Political theorists have offered a plethora of explanations as to why bureaucracy undermines moral agency, but these do not travel well to the street level. The literature in social psychology on coping mechanisms is more illuminating, and can help us understand how the pressures of everyday work gradually force street-level bureaucrats into a variety of reductive moral dispositions. I suggest that resisting the drift towards such dispositions call less for the development of a set of virtuous character traits than for the judicious deployment of a regime of everyday practices of the self, and the creation of an organizational culture sensitive to a plurality of competing normative considerations.
About the Speaker:
Bernardo Zacka is an Assistant Professor of political science at MIT. He is a political theorist with an interest in ethnographic methods. His research focuses on the normative challenges that arise in the course of public policy implementation. He is interested in understanding how the organizational environment in which public officials are situated affects their capacity to operate as sound and balanced moral agents. Zacka is also interested, more broadly, in normative political theory, architecture and urbanism, and 20th century European political thought.

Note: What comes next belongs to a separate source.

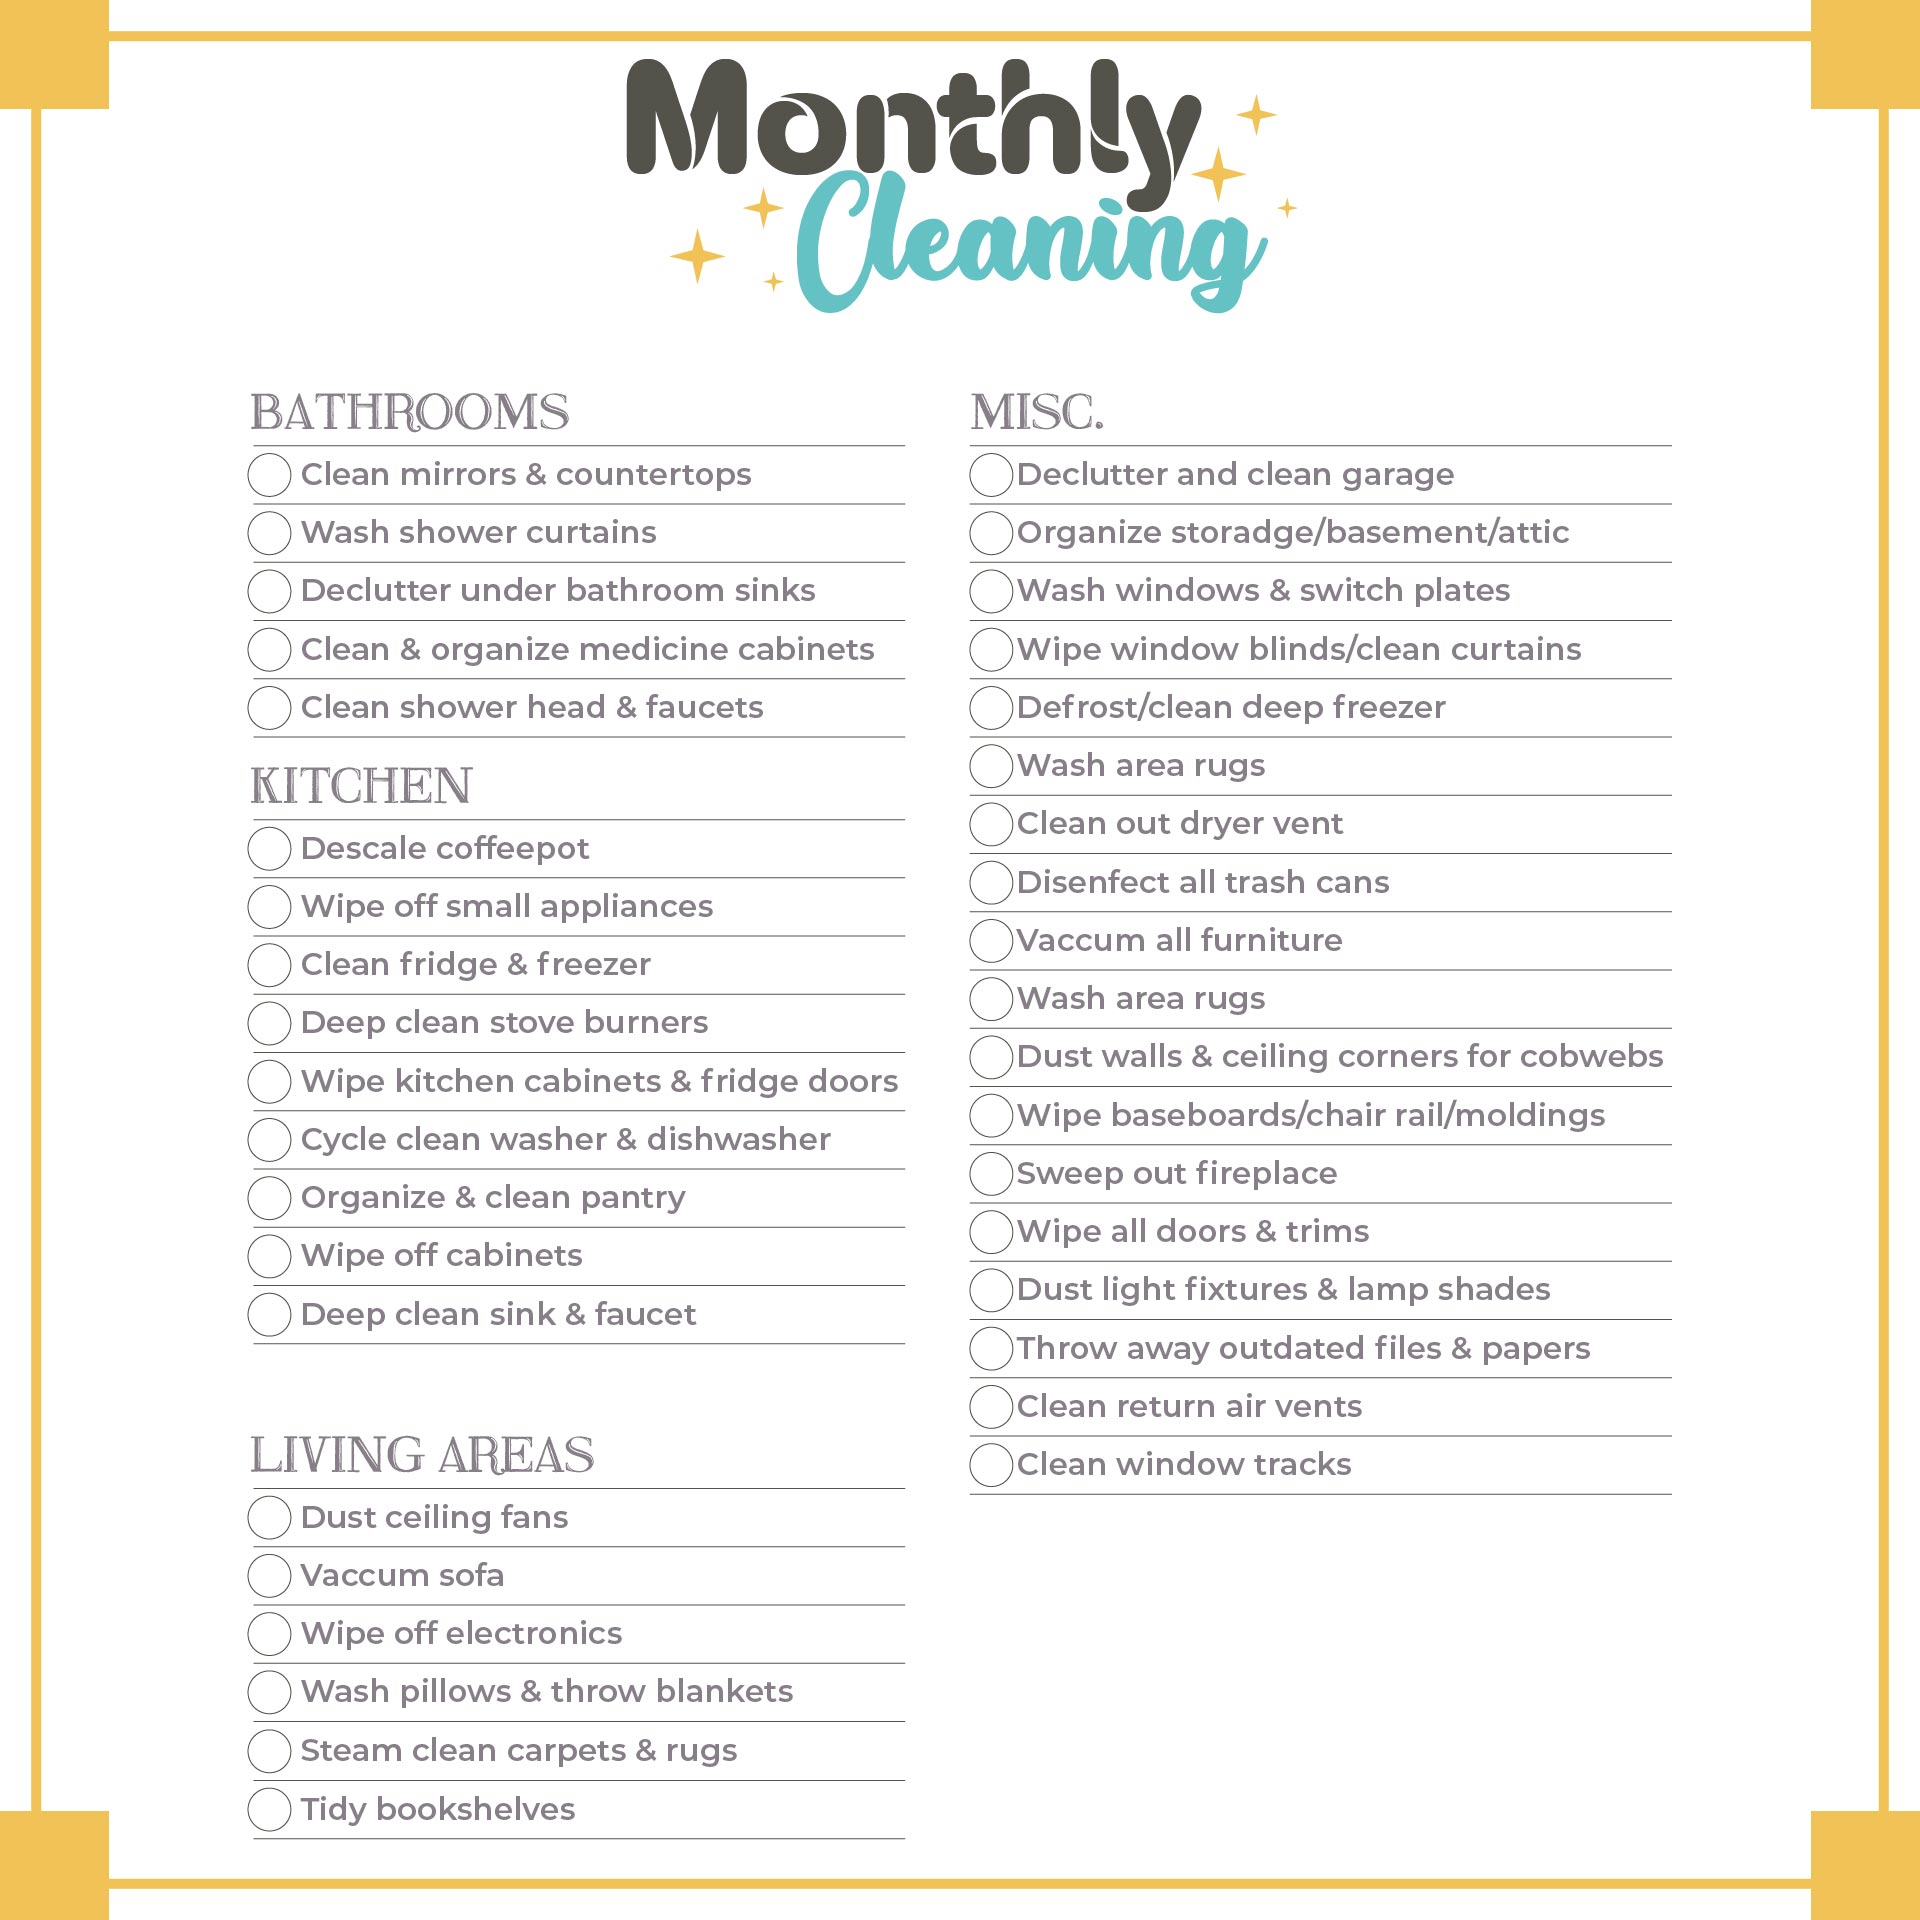 Monthly Cleaning Schedule For Home

Zacka’s first book, When the State Meets the Street: Public Service and Moral Agency, was published by Harvard University Press in 2017. It explores the everyday moral lives of the frontline public workers, or “street-level bureaucrats”, who act as intermediaries between citizens and the state. It won the 2018 Charles Taylor book award from the Interpretive Methodologies and Methods group of the American Political Science Association, and it builds on Zacka’s doctoral dissertation, which won the 2015 Robert Noxon Toppan prize for the best dissertation on a subject of political science at Harvard University.
Prior to joining MIT, Zacka was a junior research fellow at Christ’s College, Cambridge and a postdoctoral fellow at the Center for Ethics in Society at Stanford. He holds a B.S. in Electrical Engineering and Computer Science from MIT (2005), and received his Ph.D. from the Department of Government at Harvard University in 2015.